High-stakes software needs observability

Aug 30, 2021

In the past, you could “write some logs and collect some metrics” and get away with it, but with microservices, that’s no longer enough
“When a user makes a request to your service, that may hit 10 different backend services that have to do different operations, which is a nightmare to decipher with traditional metrics”
So you have 10 points of failure — better than a single point of failure, but still won't make for a reliable user experience if several services fail or degrade at the same time

Observability can protect eCommerce revenue (example)

Imagine you’re responsible for the reliability of an online e-commerce website

The user comes to the homepage and sees all the features as a monolith but they are not — they are microservices all glued together for a cohesive user experience
“The frontpage alone will call on the order recommendation system, the authentication system to log them in, which needs to pull up their user preferences, which needs to pick their most recently purchased items — that might involve 30, 40 or even 100 microservices”

Now imagine that you have weak or non-existent observability. Also, imagine that a microservice in a user’s value stream is dysfunctional.

This (simplified) chain of events may occur:

The item-inventory call is non-functional due to failure or latency
Without this service, the add-to-cart service doesn't activate
User's cart can't take on items without the button within the add-to-cart service

End result: cart doesn't take on user's selected items with loss of business

Multiply that by millions of users and you're talking a grand-scale of revenue loss

Good observability can mitigate or prevent an issue like this. More on this later.

Imagine you’re responsible for the reliability of a professional share trading platform

The user — typically a day trader — loads their Java-based desktop application which serves as mission control for their trading work
Many of their trades are automated with support from quants who are crunching non-linear scenarios e.g. If x goes up and y goes down, then buy z
The application may contain 100s of microservices including the portfolio, daily P&L, portfolio P&L, share chart, share ticker, last price, buy price, sell price, price book etc.

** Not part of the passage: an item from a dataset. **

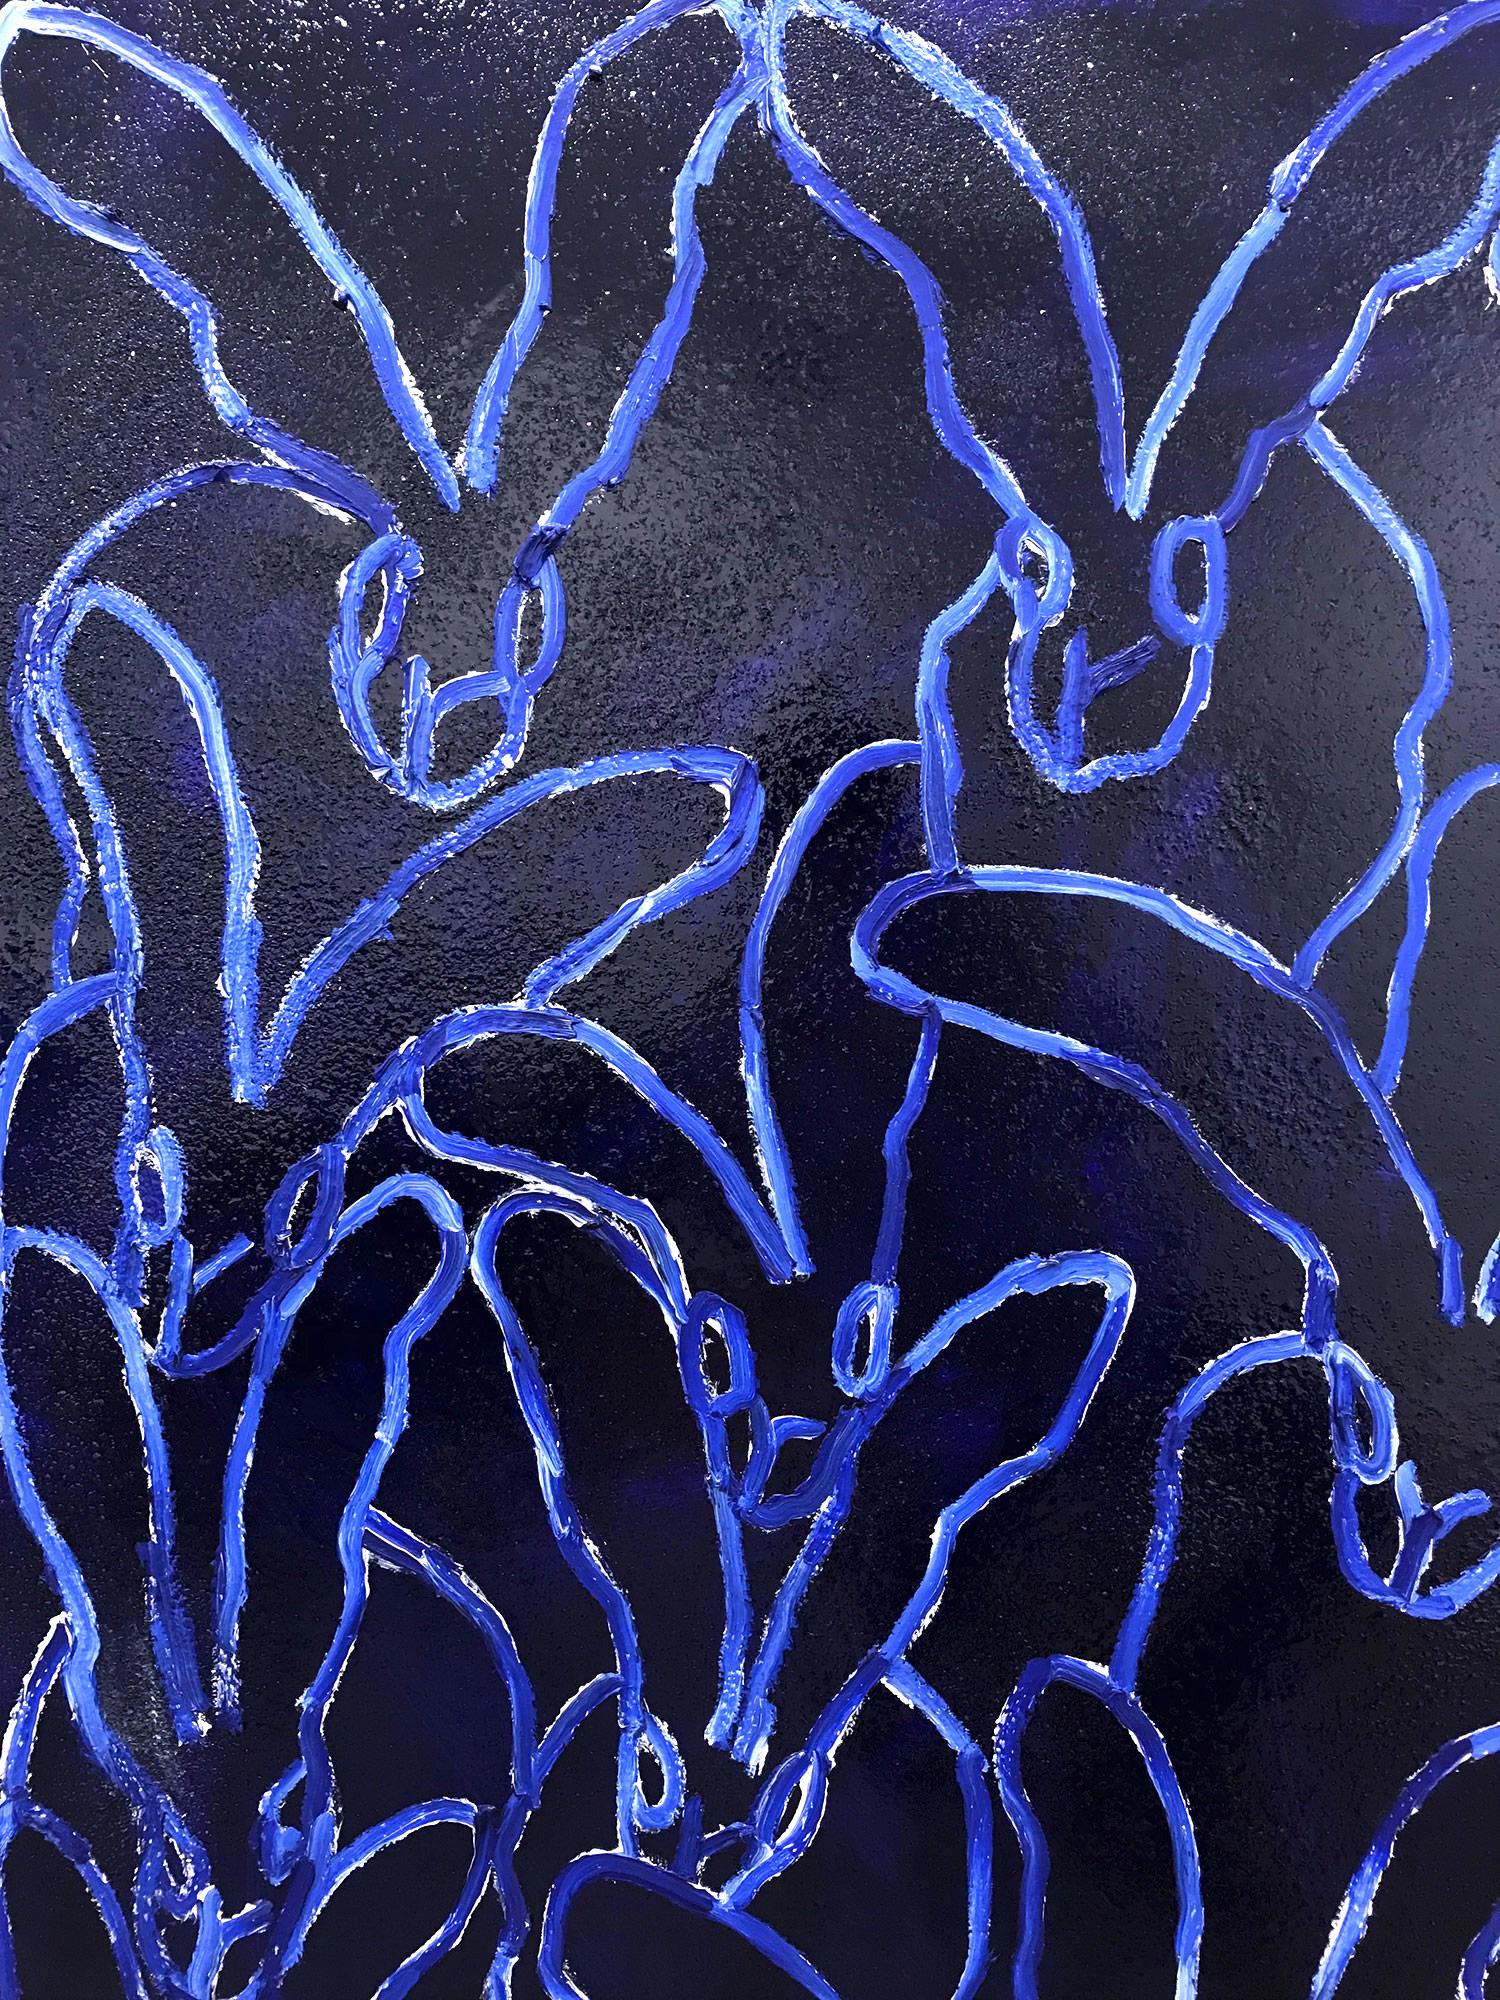 Blue Tanzania (Diamond Dust Bunnies on Ultramarine Blue) - Contemporary Painting by Hunt Slonem
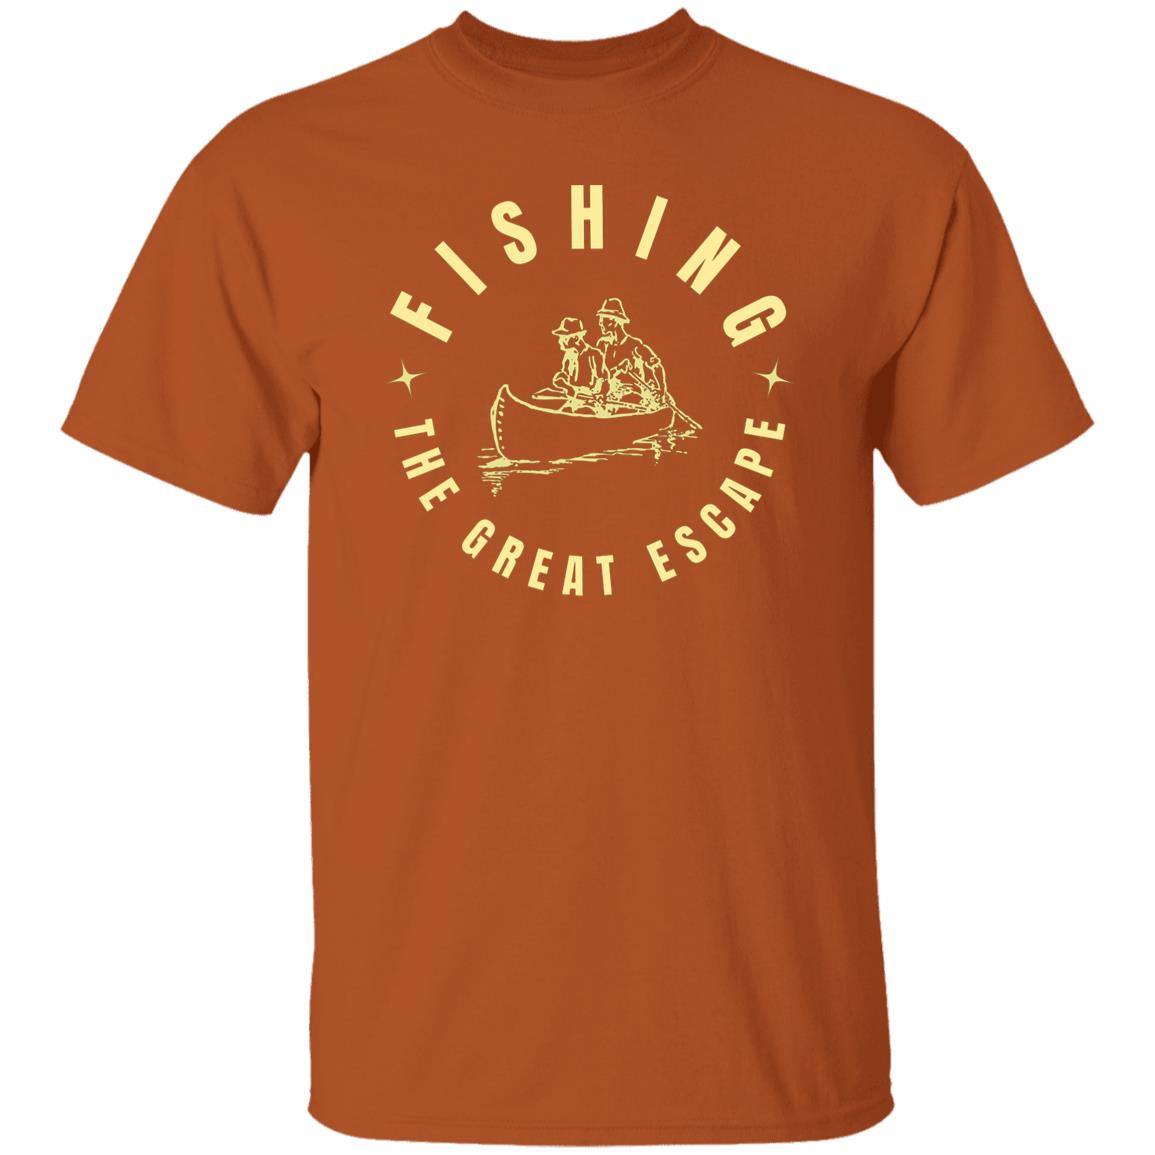 Fishing the great escape t-shirt k texas-orange

Now imagine that you have weak or non-existent observability. Also, imagine that a microservice within a user's value stream is dysfunctional.

This (simplified) chain of events may occur:

The last-price service is not functioning well due to latency with exchange data
The trader sees a lower than actual market price and puts in a trade
The quant's algorithm detects a low price and triggers a barrage of purchases

End result: the trader ends up with shares that don't match their trading strategy

Professional traders run trades in millions of dollars, so this can be a costly error.

Good observability could mitigate or entirely prevent an issue like this.

You need to measure the latency between all of them
You might need to measure individual function calls in those microservices
That helps you figure out where a performance issue exists and measure how long it has been impacting a user

Quick filtering and dashboarded analytics for on-call events
Have it within tests like canary testing, blue-green deployments and A/B tests
Go beyond systems-only monitoring mindset — social media monitoring can highlight the impact and scale of an incident from the — most important — end-user perspective
Uptime is only part of the equation - you are not winning if a component is down and the user experience is degraded e.g. a down CDN means slower load times for farther out users

Quotes are from an interview of Google developer relations engineer, Seth Vargo.